Brussels - The European Council on Refugees and Exiles (ECRE) has called on the EU to halt the deportation of asylum seekers to Greece as the Greek authorities in 2007 didn't grant protection to one refugee from Afghanistan or Iraq, the council said Thursday in Brussels. According to ECRE, which represents 63 European refugee- assisting organizations, while Germany, Sweden and Cyprus have accepted over 80 per cent of Iraqi asylum seekers as refugees, Greece's acceptance rate amounts to 0 per cent.
The EU regulation, known as the Dublin system, stipulates that the member country of the first point of entry decides on the fate of asylum seekers within the European Union (EU).
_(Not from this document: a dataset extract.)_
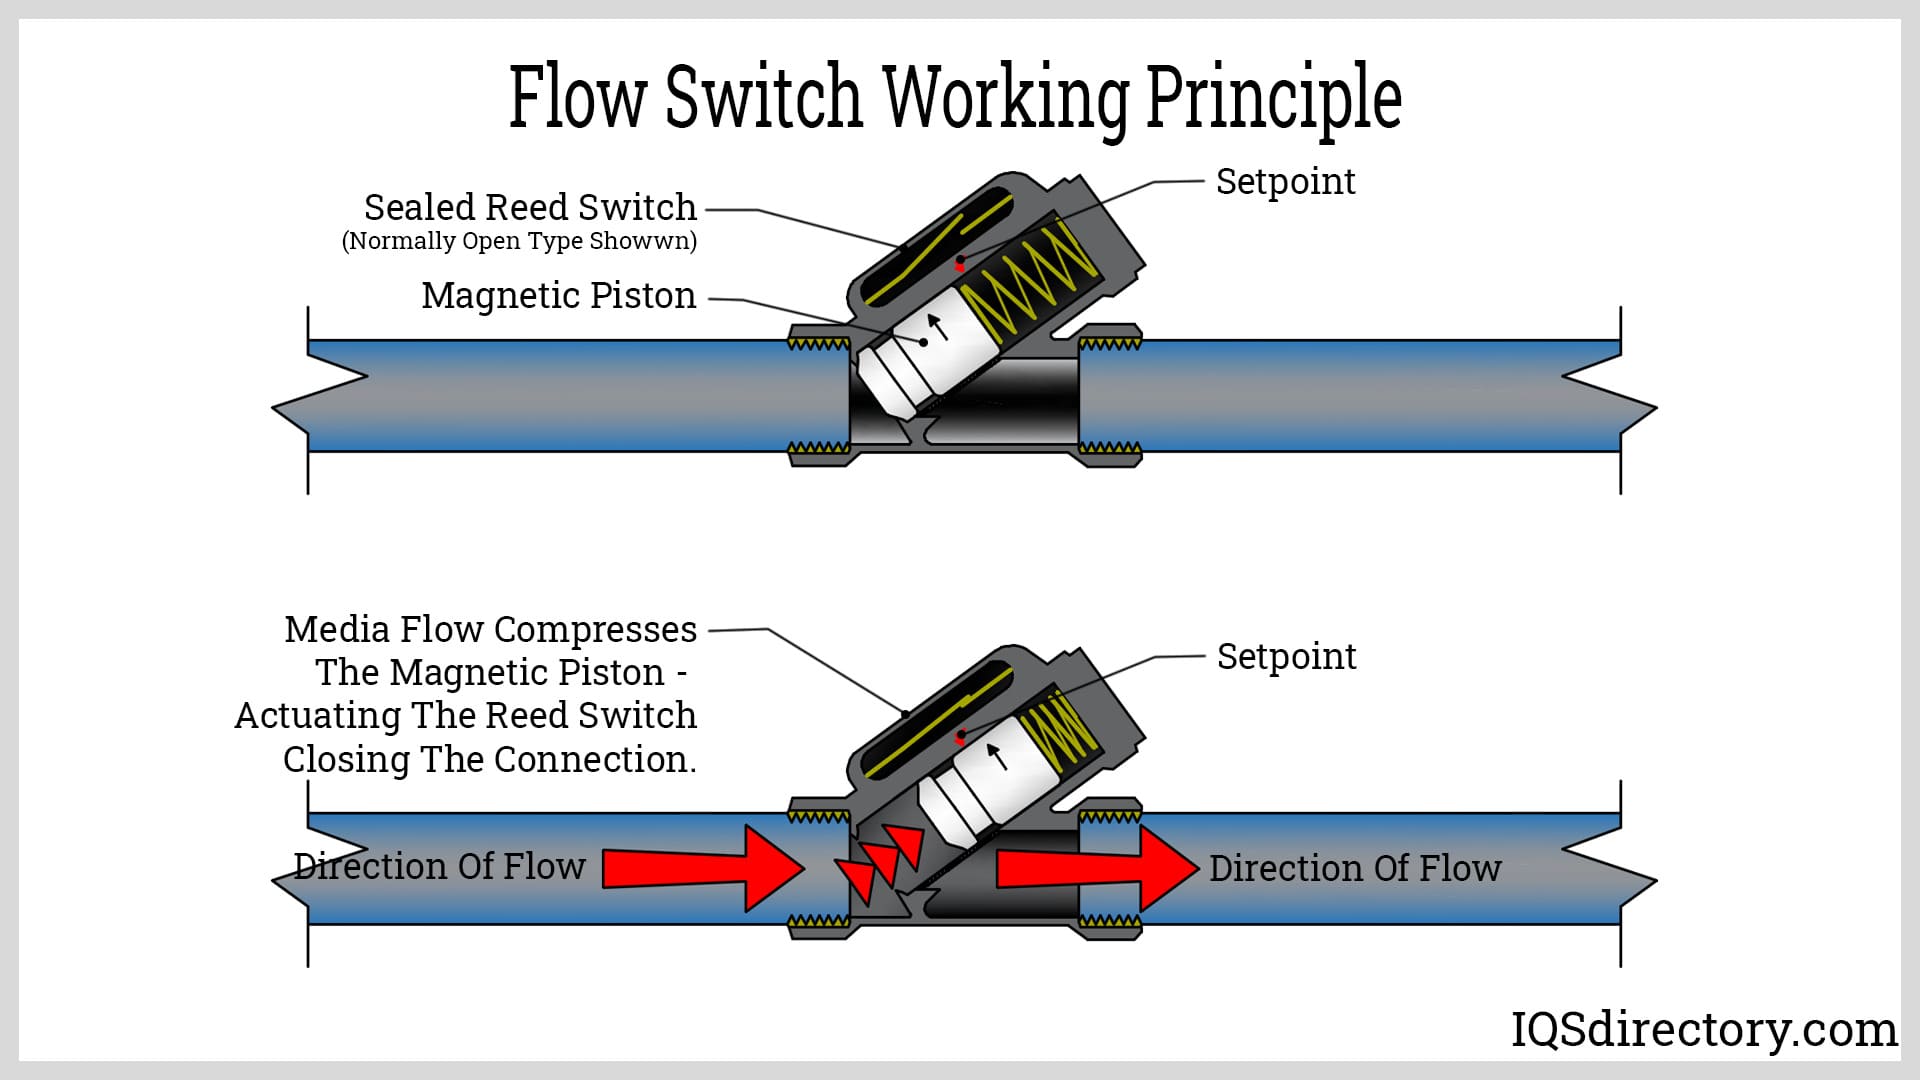 Flow Switch Working Principle

"By requiring that those fleeing persecution must claim asylum in the first EU country they reach, the Dublin system fails to take account of the fact that a person's chance of being recognised as a refugee varies hugely from one EU country to another. Greece is not a safe place for those in need of protection," said Secretary General of ECRE, Bjarte Vandvik.
Norway stopped sending refugees to Greece in February, and according to ECRE, EU states should follow this example.
According to ECRE, the Norwegian authorities' decision arose from "new information about the violation of asylum seekers' rights in Greece."
ECRE also referred to a memorandum of the European Parliament's Committee for Civil Liberties, Justice and Home Affairs that admonished Greece for to its inhuman treatment of asylum seekers who were being kept as virtual prisoners.
Last autumn, the German human rights association Pro Asyl presented an investigation documenting the systematic ill-treatment of newly-arrived refugees and Amnesty International has also criticized human rights abuses in Greek asylum procedures, ECRE says.
"Ten years on, the Dublin system still isn't achieving its aim - thus failing refugees and member states. The EU can surely find a better system than the current one which bounces vulnerable refugees around Europe like ping pong balls, with devastating consequences for those unlucky enough to land in countries with lack proper asylum systems," added Vandvik.